--- Records supplied ---

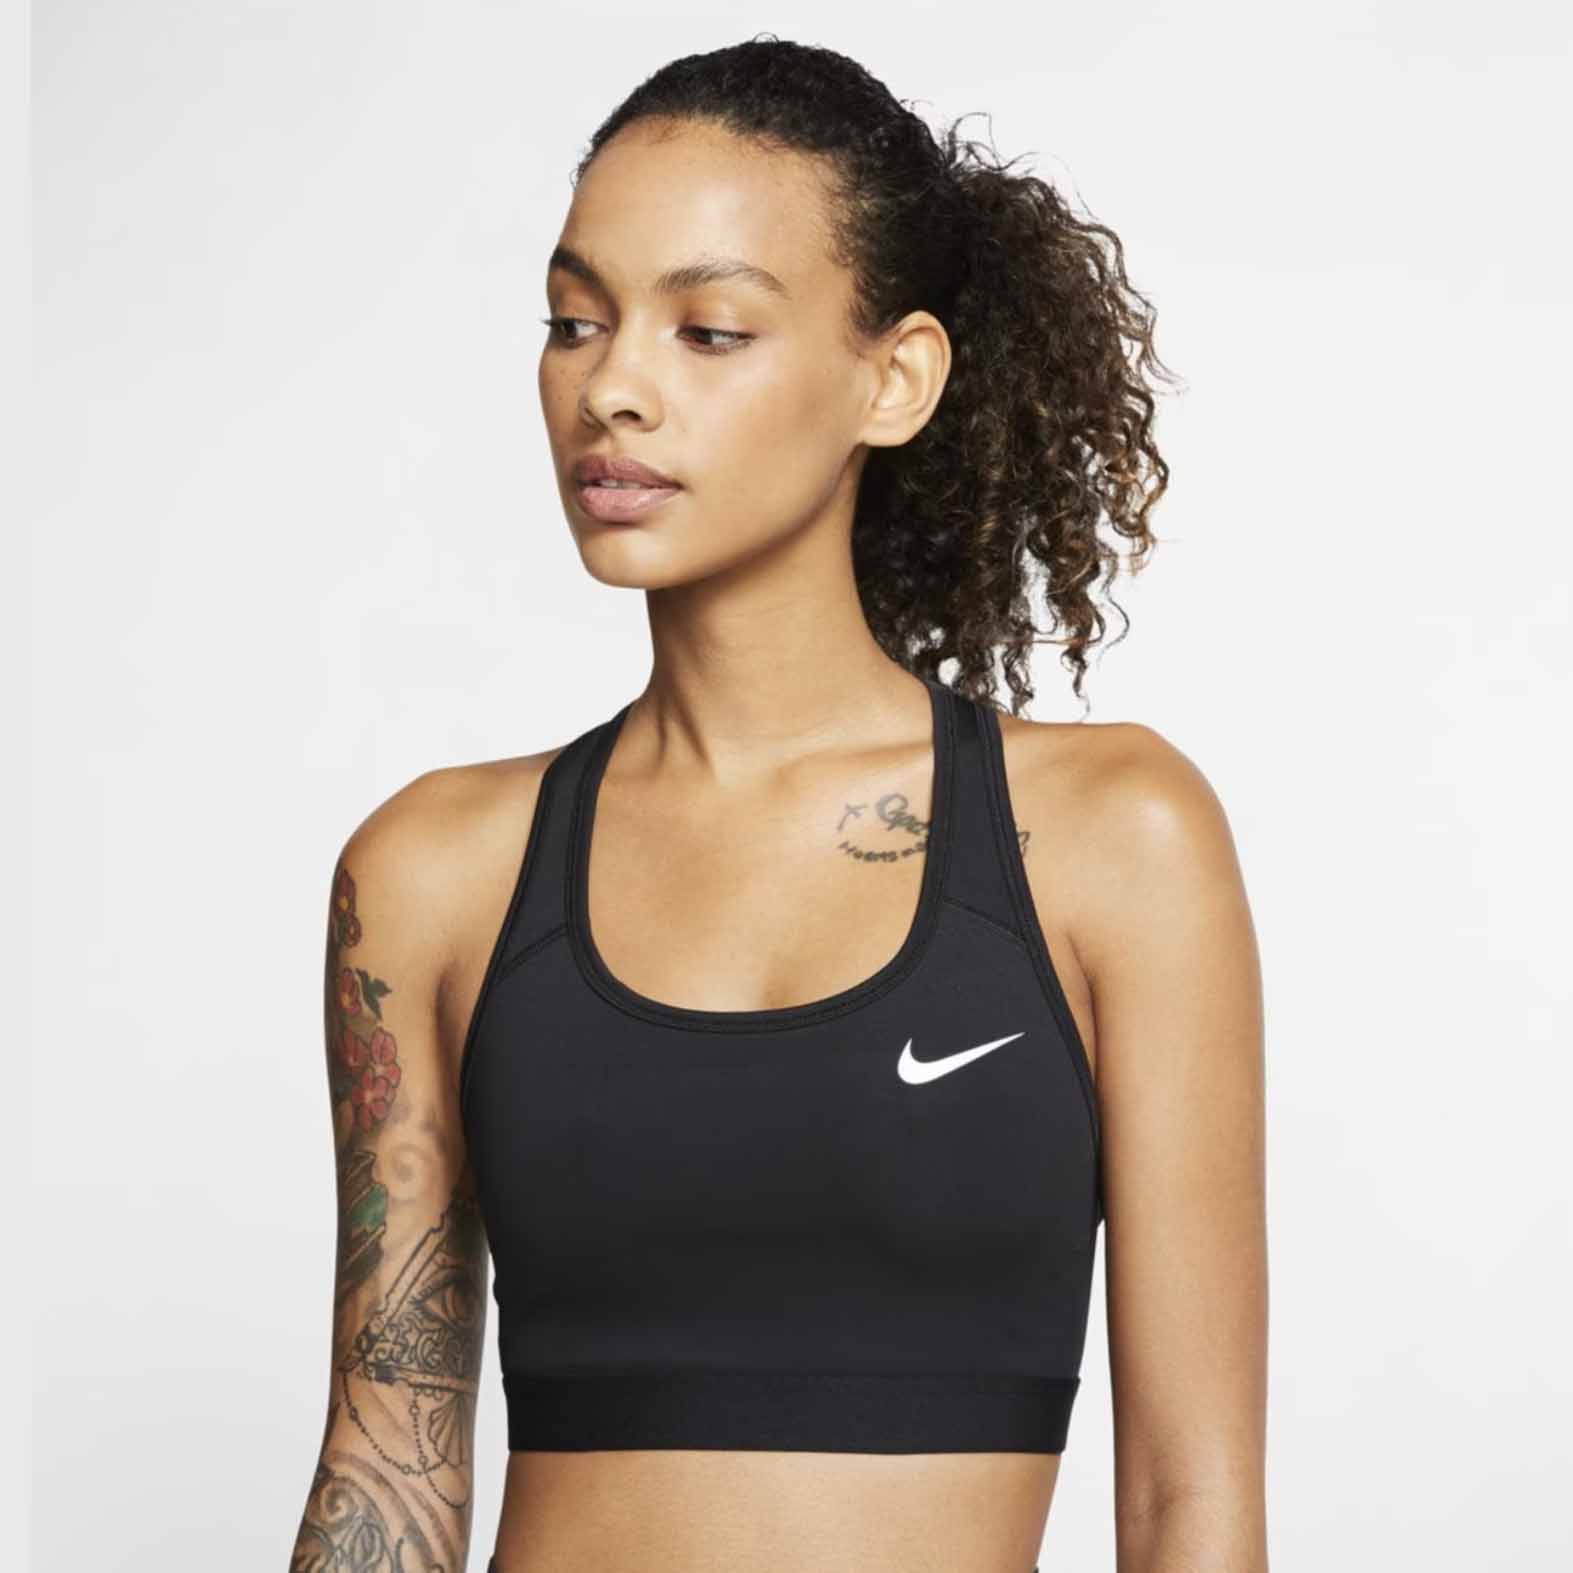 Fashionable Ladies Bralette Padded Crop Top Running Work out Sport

---
--- Records supplied ---

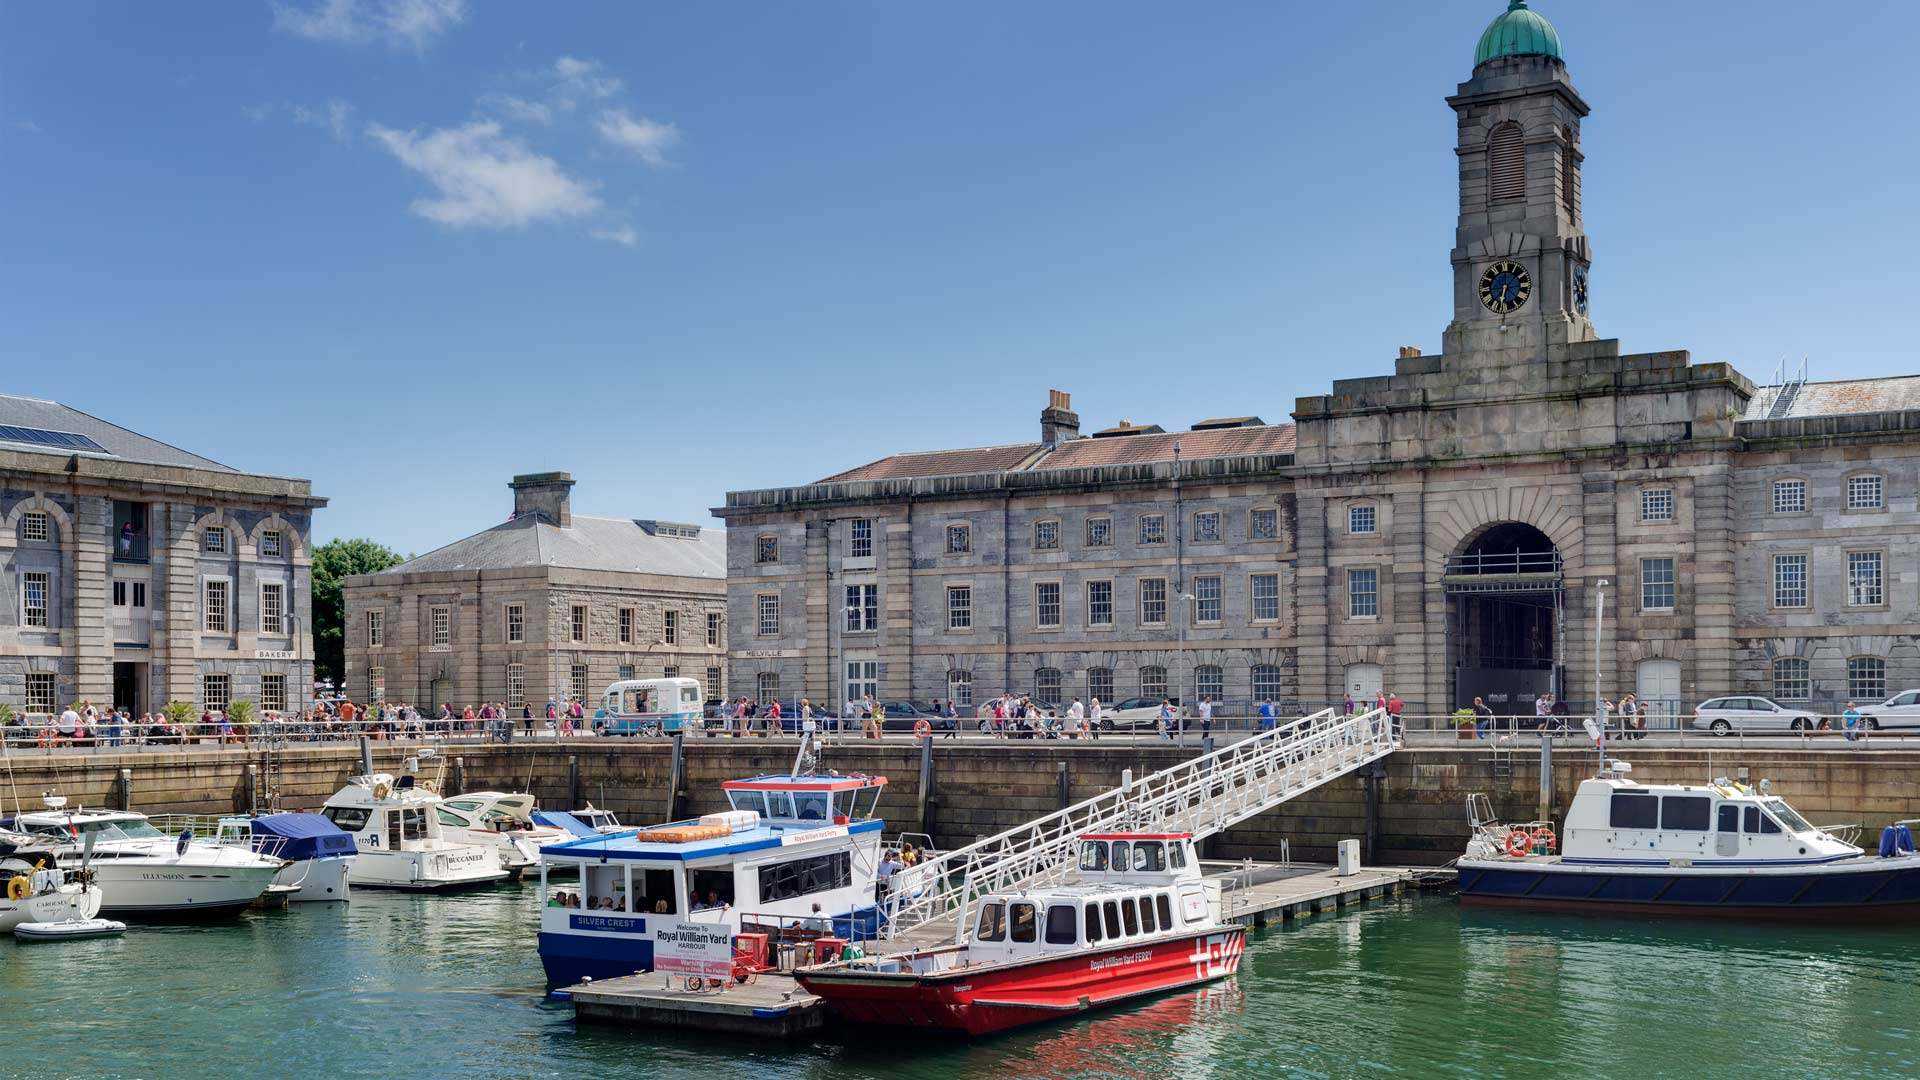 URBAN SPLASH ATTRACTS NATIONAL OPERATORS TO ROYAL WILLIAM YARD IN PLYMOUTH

---
--- Records supplied ---

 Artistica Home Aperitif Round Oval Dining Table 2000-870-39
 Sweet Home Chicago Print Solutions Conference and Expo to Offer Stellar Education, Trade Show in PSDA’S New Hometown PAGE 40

---

» Exercise directions
Tell how many lines of the data above include the string "Home", with no other text in the answer.

» Exercise solution
2